* Task
From the entries below, return exactly the lines beginning at the one that contains "business, communication, modern" and ending at the one that contains "Rugby 2013 - 2014", both of them included, and only those lines.

* Listed records
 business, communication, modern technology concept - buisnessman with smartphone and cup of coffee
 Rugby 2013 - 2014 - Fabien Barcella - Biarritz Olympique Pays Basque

==

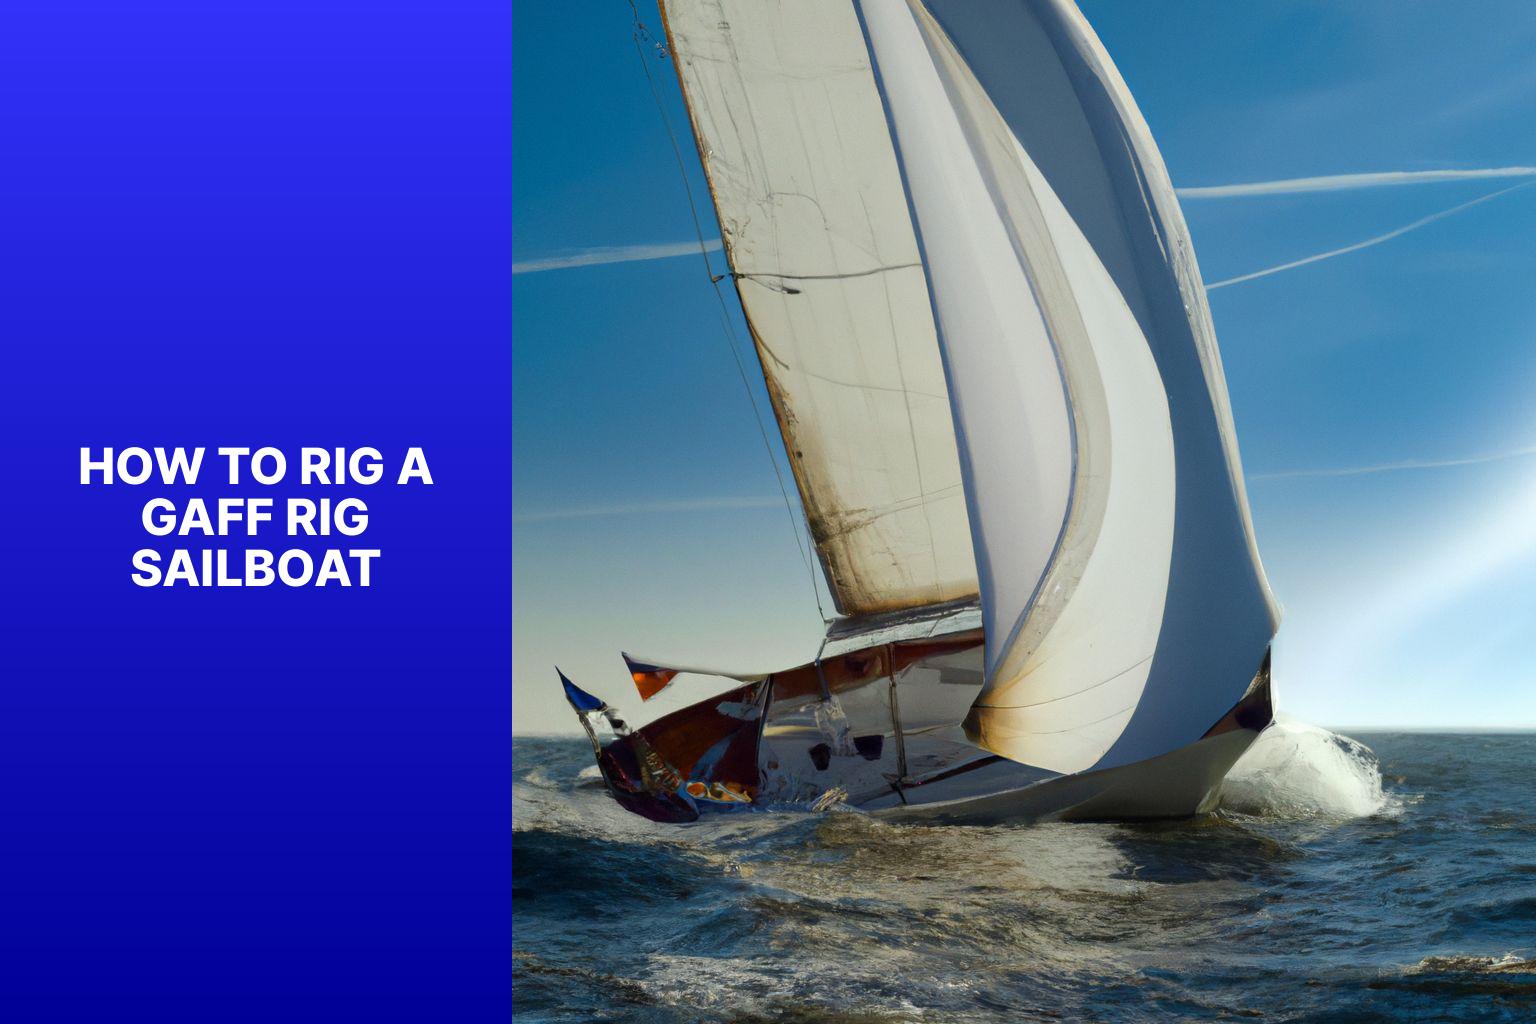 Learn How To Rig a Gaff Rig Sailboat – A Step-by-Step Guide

* Response below
 business, communication, modern technology concept - buisnessman with smartphone and cup of coffee
 Rugby 2013 - 2014 - Fabien Barcella - Biarritz Olympique Pays Basque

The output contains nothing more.